-
Notifications
You must be signed in to change notification settings - Fork 62
Description
If you have two separate Rust programs that are both running under an OS, it seems pretty clear they are two separate instances of the Rust AM (Abstract Machine).
If you have two threads in the same program, there is one instance of the Rust AM my understanding is that there is a single instance of the AM.

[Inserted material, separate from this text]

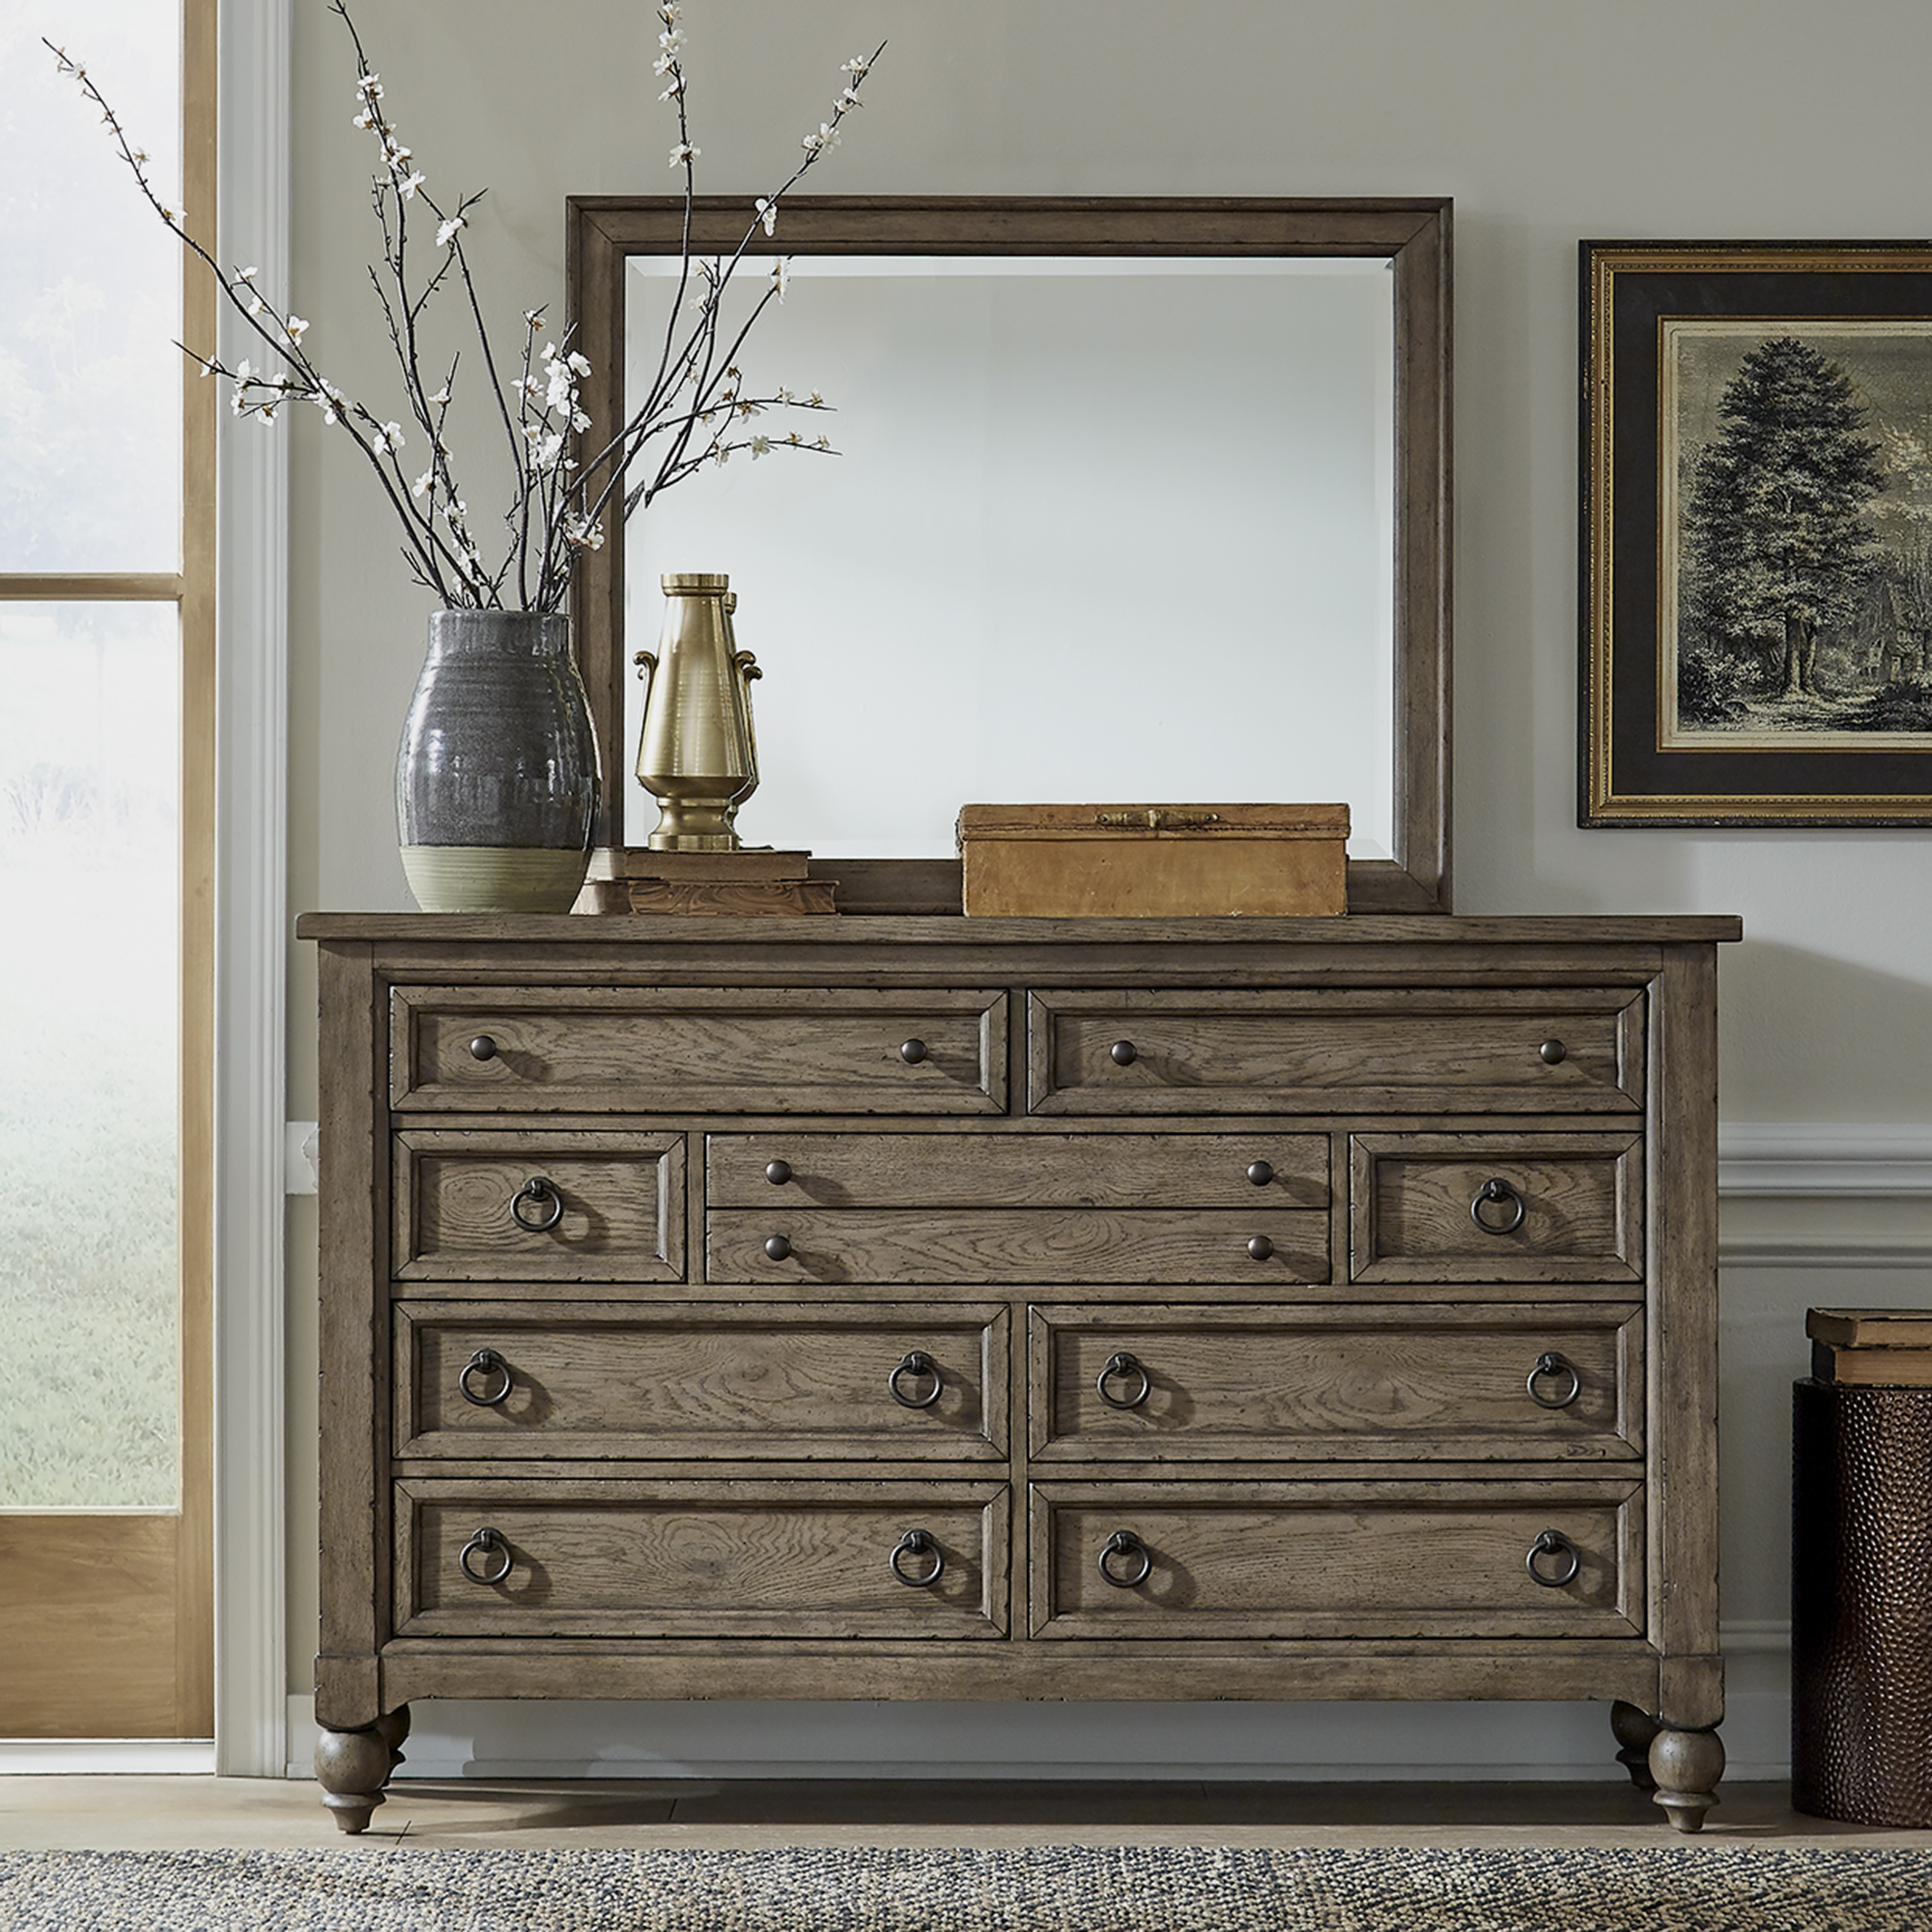 Americana Farmhouse Dresser & Mirror Set by Libby at Walker's Furniture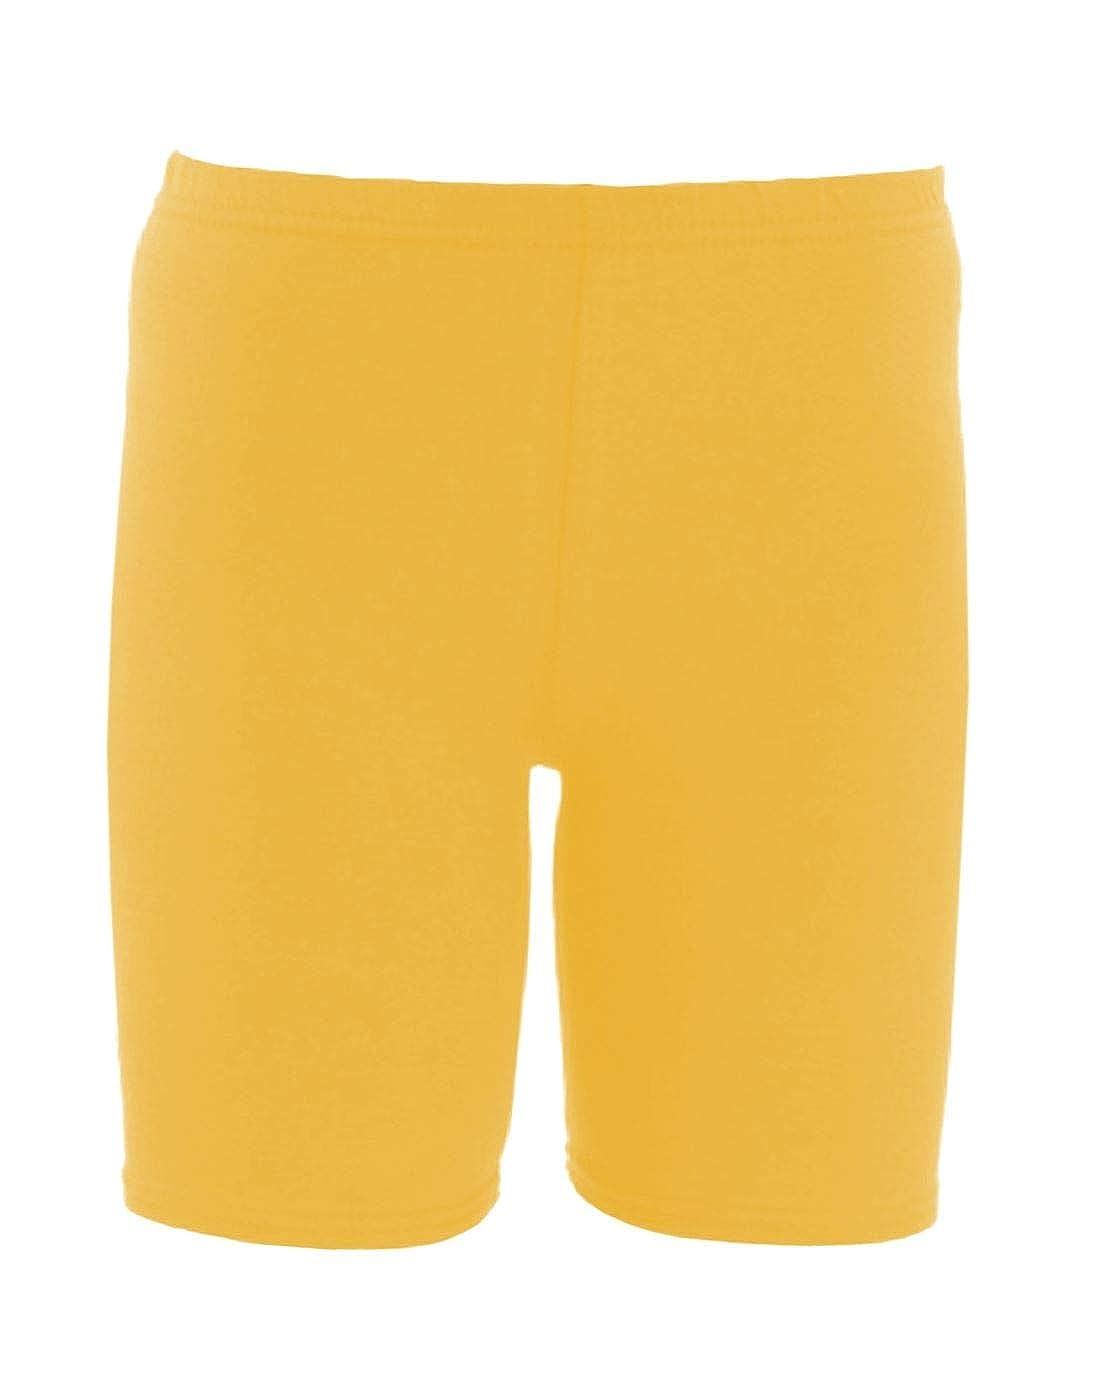 janisramone Girls Kids New Plain Stretchy Dance Gymnastics Sports PE School Game Summer Cycling Shorts Pants

However, what about two separate programs, but there is shared memory between then (e.g. using mmap
for IPC)? It has to be two separate instances to not be UB according to this reply by Ralph Jung on IRLO. The shared memory will usually not be at the same address in both processes. Since we presumably want shared memory to NOT be UB they must be separate instances of the AM.
So the "border" is somewhere between "threads sharing all of memory" and "memory mapped between processes". But where exactly?
Let's consider some hypothetical scenarios to see where they would land:
- Two processes with shared memory, but now I start a thread set up to have its stack in the shared memory.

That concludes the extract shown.